April 30, 2025

用本地gpt-oss-120b驱动DEVONthink, Brave, ShellGPT, Raycast, BBEdit

[2025年8月更新，切换到本地gpt-oss-120b模型]

[2025年7月更新，添加Claude Code写代码]

[2025年6月更新，添加DEVONthink 4分析论文]

这篇文章展示如何用LM Studio在Apple M4 Max和128GB内存的MacBook Pro上运行本地gpt-oss-120b模型，用于阅读论文、浏览器、命令行、快捷启动、编辑器和写代码，AI无处不在。

硬件环境 Link to this section

Apple M4 Max处理器采用统一内存架构，与传统GPU-CPU分离设计形成鲜明对比。统一架构将内存整合于同一芯片，CPU和GPU直接共享内存空间，消除了组件间的数据复制环节。这种设计本质上消除了PCI-E带宽瓶颈，显著降低了数据传输开销，直接提升模型运算速度。

Apple M4 Max提供高达546GB/s的内存带宽，这种超高带宽使得大规模模型推理时的数据吞吐不再受限，显著减少了GPU等待数据的时间，进一步提升了推理性能。

MLX是Apple专为Silicon芯片开发的机器学习框架，特点是直接利用神经网络加速器，为本地LLM提供高性能支持。这不是普通的框架移植，而是从芯片架构层面优化的解决方案。

配备128GB统一内存的M4 Max可实现120B参数量FP4模型的近实时响应。MLX格式模型在此环境下完全依靠GPU加速，CPU资源占用极低，这对整机散热和能耗控制具有显著意义。
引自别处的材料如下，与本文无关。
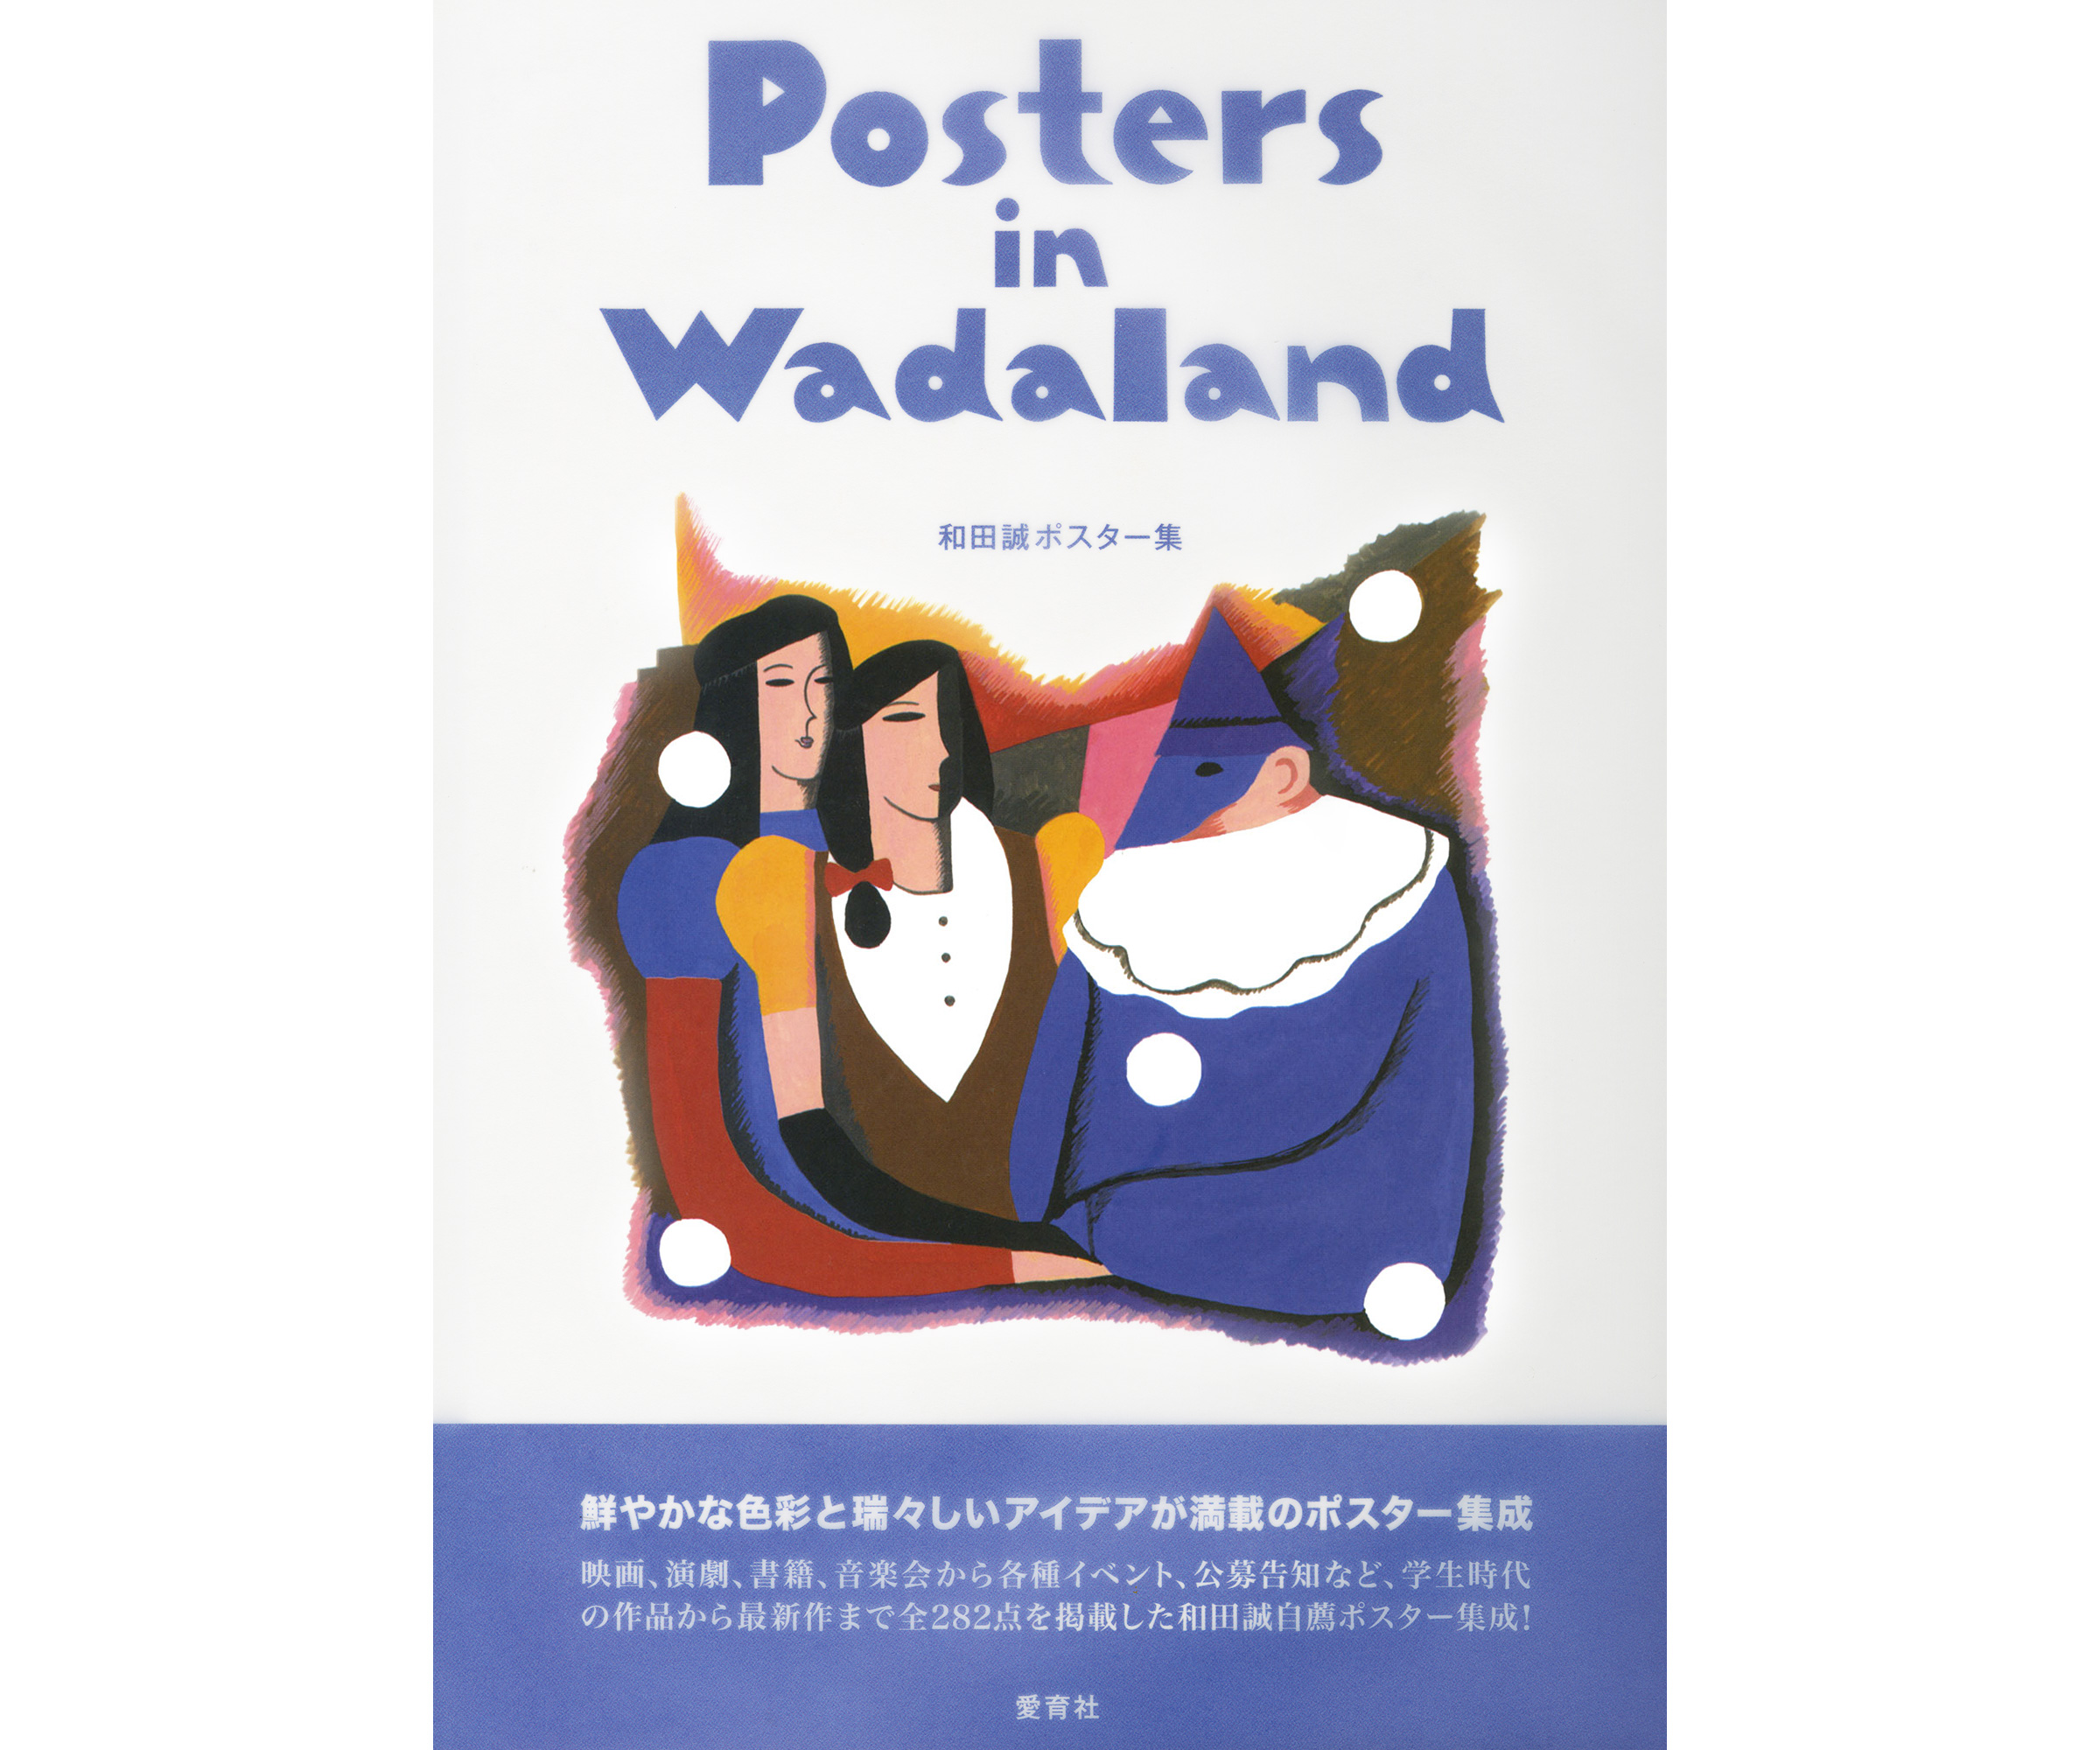 イラストレーター 和田誠 自著「Posters in Wadaland」

相同显存容量下，Apple Silicon处理LLM任务的效率优于传统独立GPU架构（如RTX 5090），主要受益于统一内存架构减少的数据传输环节，提高了计算管线效率。

MLX与GGUF格式对比，两种主流模型格式在M系列芯片上表现各有特点：

MLX是Apple专为Silicon优化，完全GPU加速，限制是无法加载超过物理内存的模型。
GGUF是通用格式，支持GPU offloading技术，理论上可加载超过物理内存的大模型，但会显著占用CPU资源。适合需要特大规模模型且不在意CPU占用的场景。

在实际应用中，这种本地算力支持为多种应用场景提供了基础，包括论文分析、命令行工具、浏览器AI和辅助写代码。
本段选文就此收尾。